Privacy issues are also front and centre on stakeholders’ minds when sharing data. In the finance industry, for example, data can be hugely important to financial institutions in terms of providing their customers with higher-quality services and enhancing the robustness of their security for preventing fraud and money-laundering activities. But concerns over the privacy and security of data means financial institutions remain reticent to share data that they believe may end up in the wrong hands—perhaps a competitor or even cyber-criminals.
Along with the World Economic Forum (WEF), Deloitte has identified a series of privacy-enhancing techniques (PETs) that have the potential to eliminate the privacy risks of sharing data and “allow institutions, customers, and regulators to analyse and share insights from data without distributing the underlying data itself”. These techniques are:
- Differential privacy, which adds noise to analytical systems to prevent the inputs from being reverse-engineered;
- Federated analysis, whereby parties share the insights from their analyses without sharing the data itself;
- Homomorphic encryption, through which data is encrypted before it is shared, such that it can still be analysed but not decoded into the original information;
- Zero-knowledge proofs, whereby users can prove their knowledge of a value without revealing the value itself;
- Secure multiparty computation, in which data analysis is spread across multiple parties such that no individual party can see the complete set of inputs.
It’s not only at the corporate level that the need for better data-sharing capabilities has become important. Intergovernmental data sharing can be crucial in developing harmonised global solutions and generating value for the public, particularly during times of crisis, such as the ongoing COVID-19 pandemic. Ultimately, this could enable a wholly new method of public service, which would utilise both the power of data sharing at the back-end and the capability to simplify the transaction process at the front-end through digitalisation.

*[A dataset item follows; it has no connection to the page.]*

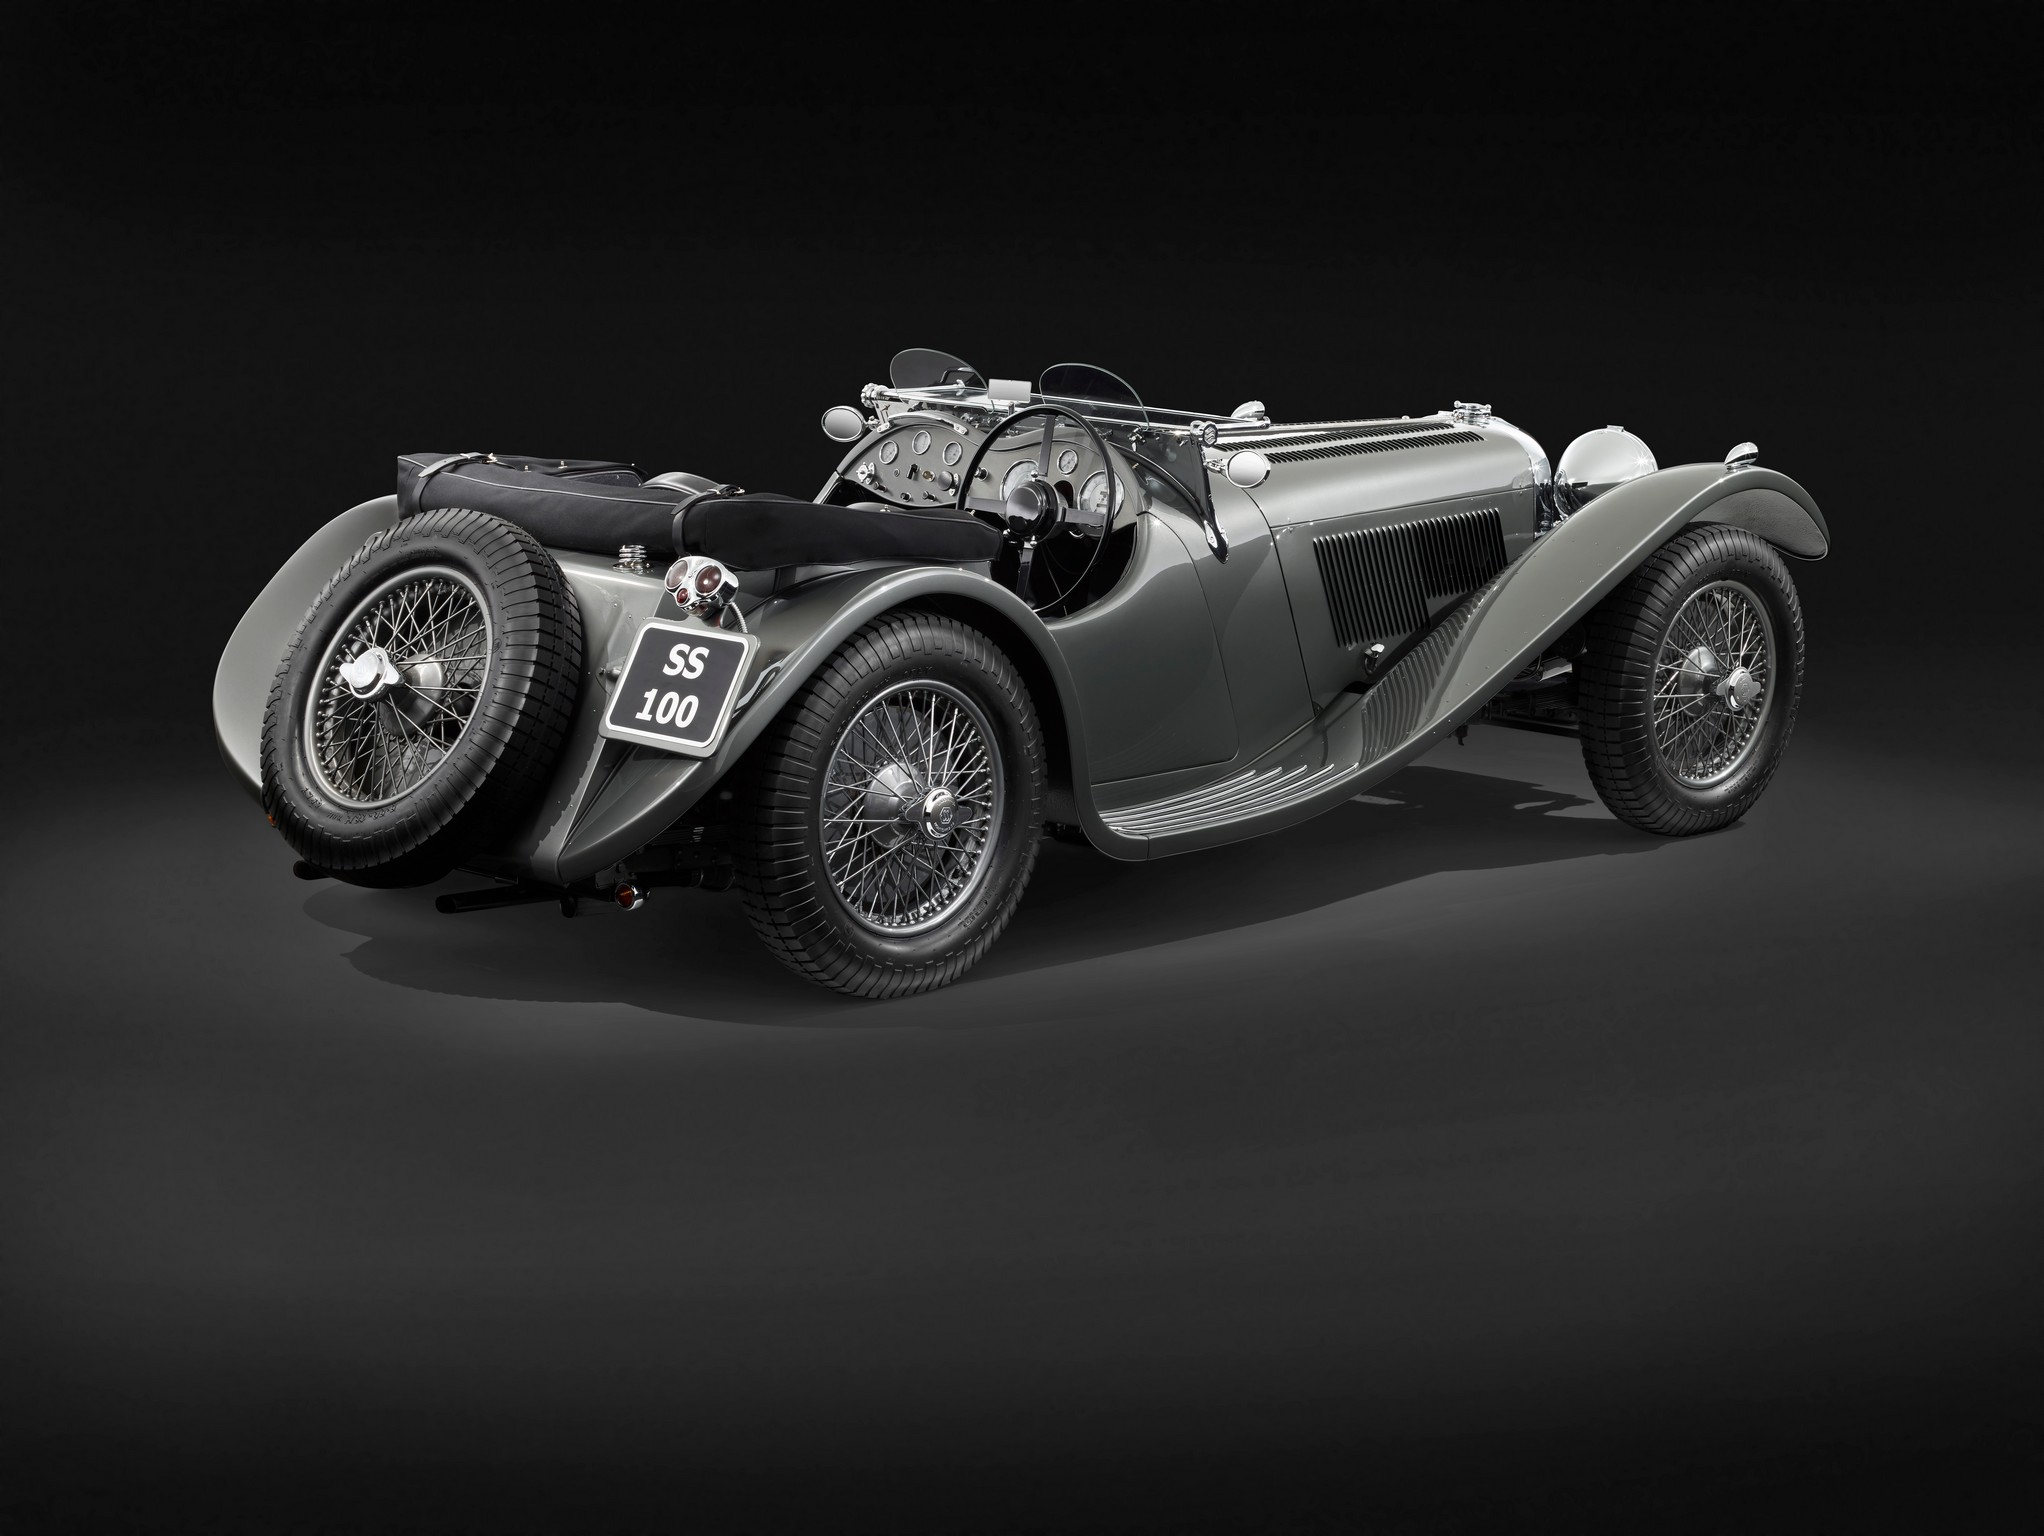 1938 Jaguar SS

But intergovernmental data sharing is far from being adopted on a widespread basis, according to the recent report “Silo Busting: The Challenges and Success Factors for Sharing Intergovernmental Data”, which was published in December 2020 by IBM Center for the Business of Government and Jane Wiseman from the Ash Center for Democratic Governance and Innovation at the Harvard Kennedy School. “The COVID-19 pandemic has clearly demonstrated the importance and value of being able to share data quickly between levels of government,” IBM’s executive director, Daniel J. Chenok, and general manager, Timothy Paydos, stated in the report. “Even with the stumbles that have occurred in standing up a national system for sharing pandemic-related health data, it has been far more successful than previous efforts to share data between levels of government—or across government agencies at the same level.”

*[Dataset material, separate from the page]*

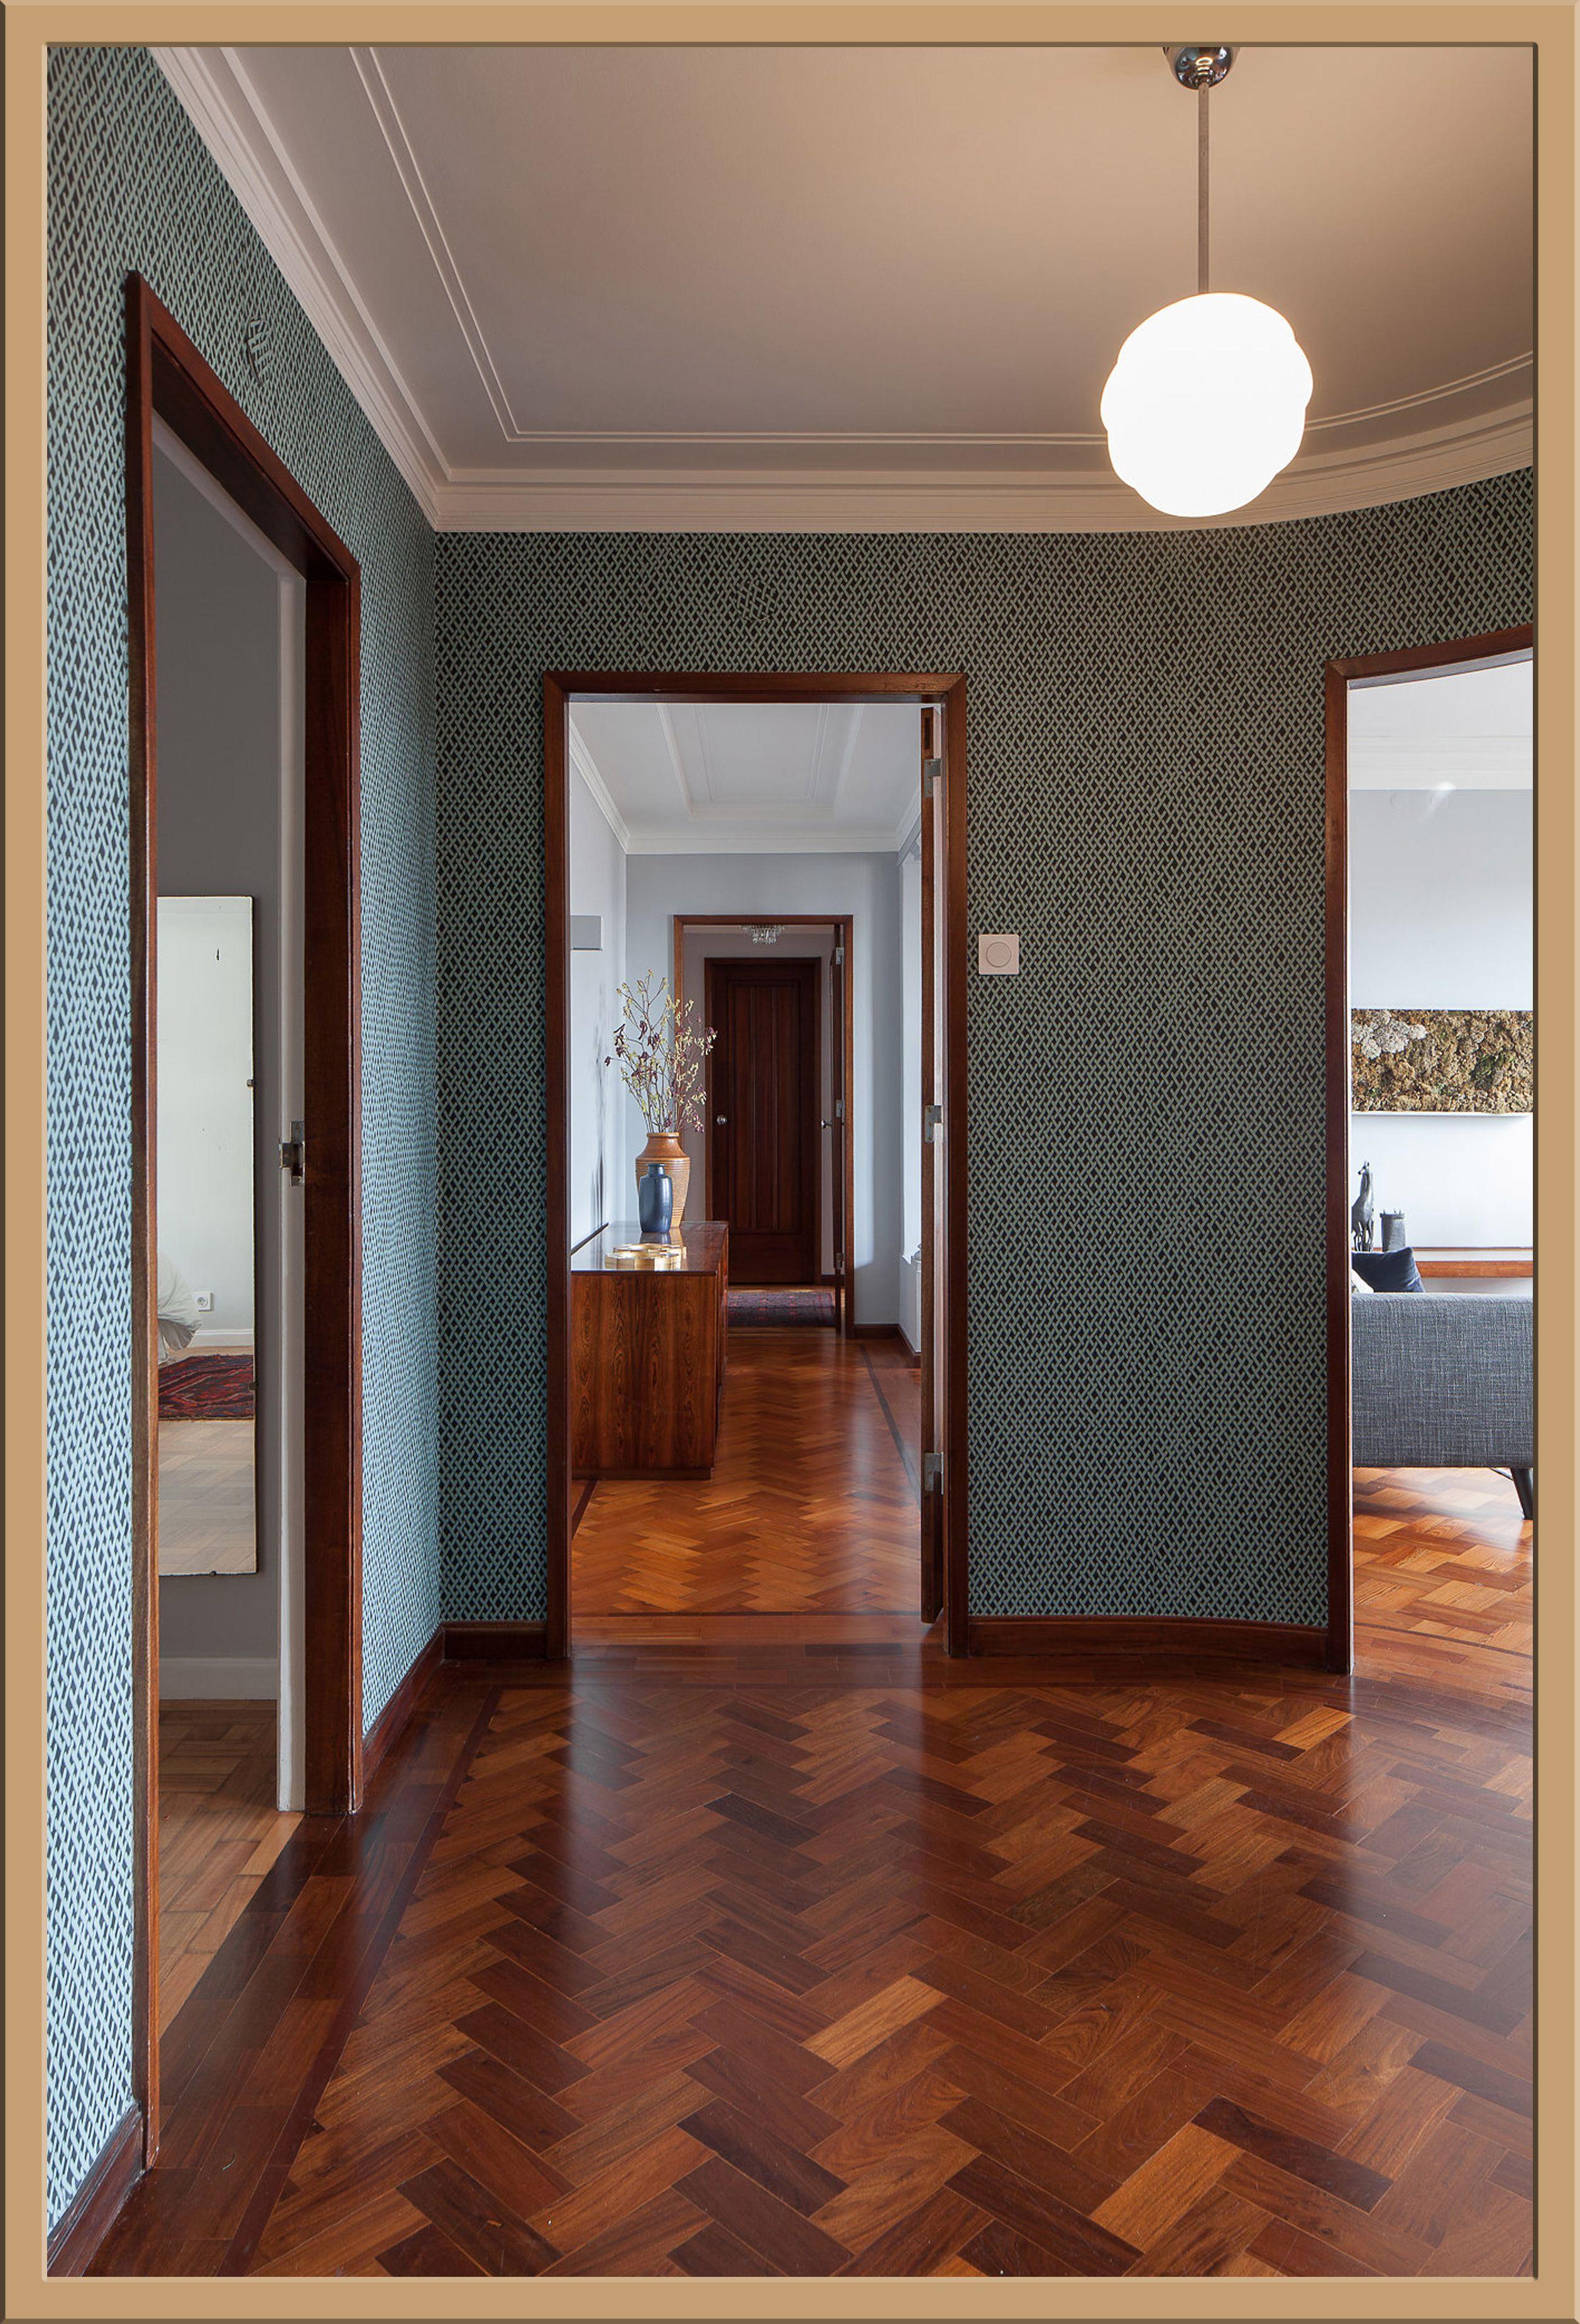 Interior Design For Money-Oct2020

The report also highlights the work of the Commonwealth of Virginia, which was able to quickly provide a COVID-19 dashboard as a result of creating a data-sharing platform that integrated public safety, public health and other data in response to its opioid crisis, as well as Allegheny County in Pennsylvania, which built a data warehouse to prioritise service delivery where most needed. “Individual level data has led to development of risk modelling tools for child welfare and for homeless service delivery,” the report noted.

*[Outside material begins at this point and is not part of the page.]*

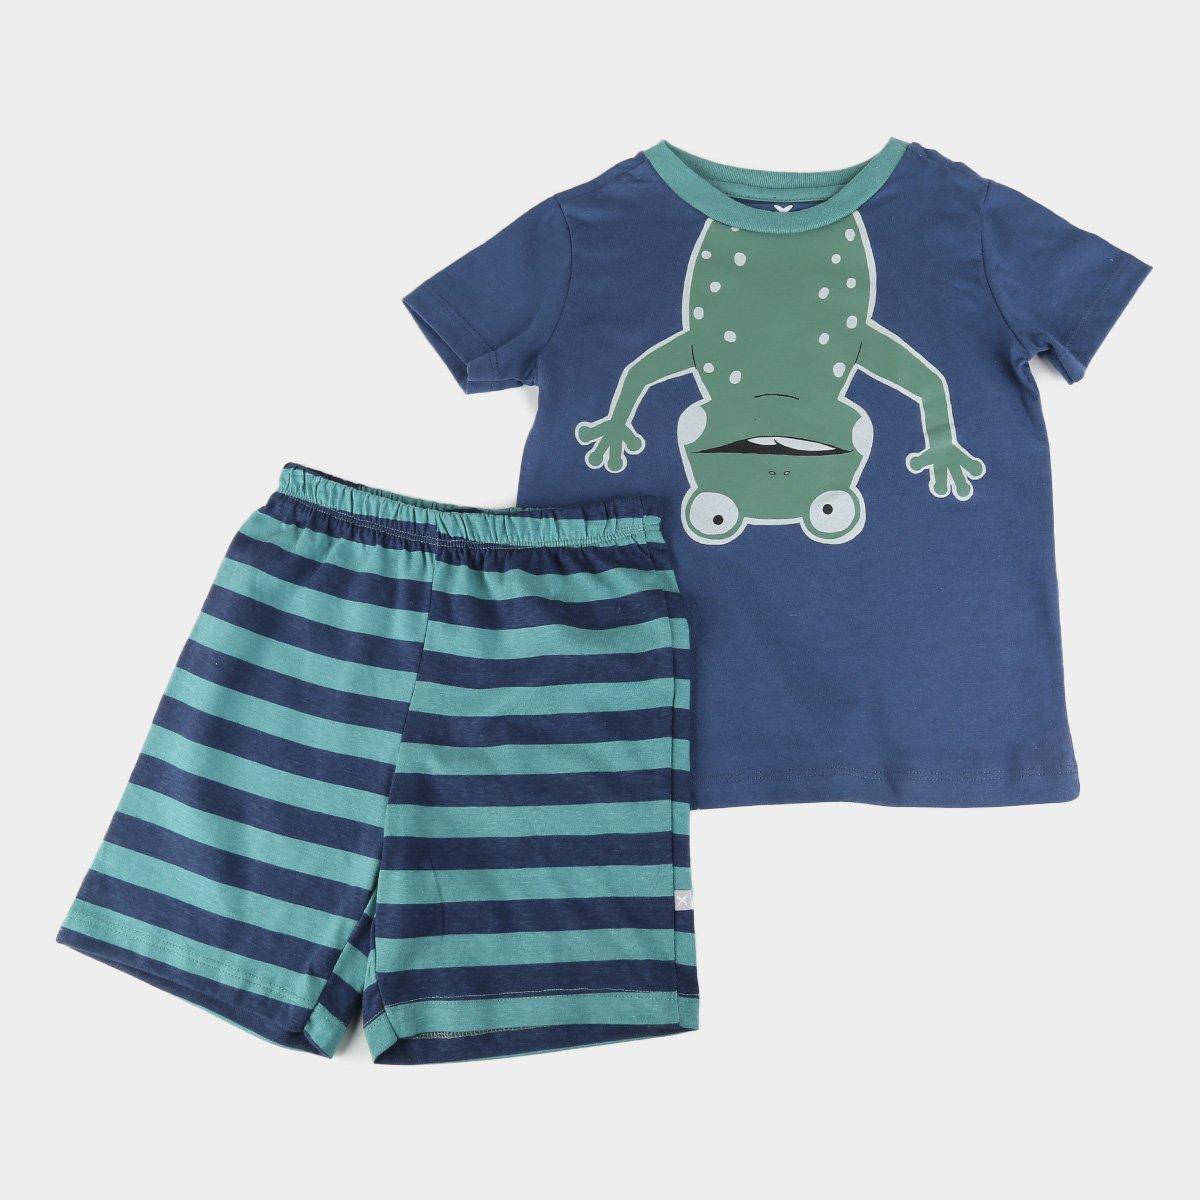 Pijama Infantil Hering Kids Curto Sapinho Masculino

As such solutions demonstrate, data-sharing problems can’t be solved by a single stakeholder alone. It will require community-wide and industry-wide solutions and collaboration among governments to encourage widespread sharing across organisational and geographical boundaries. Ultimately, working together will make the biggest difference in addressing individual stakeholder needs and preferences and ensure that ethics, privacy and regulatory concerns are suitably addressed.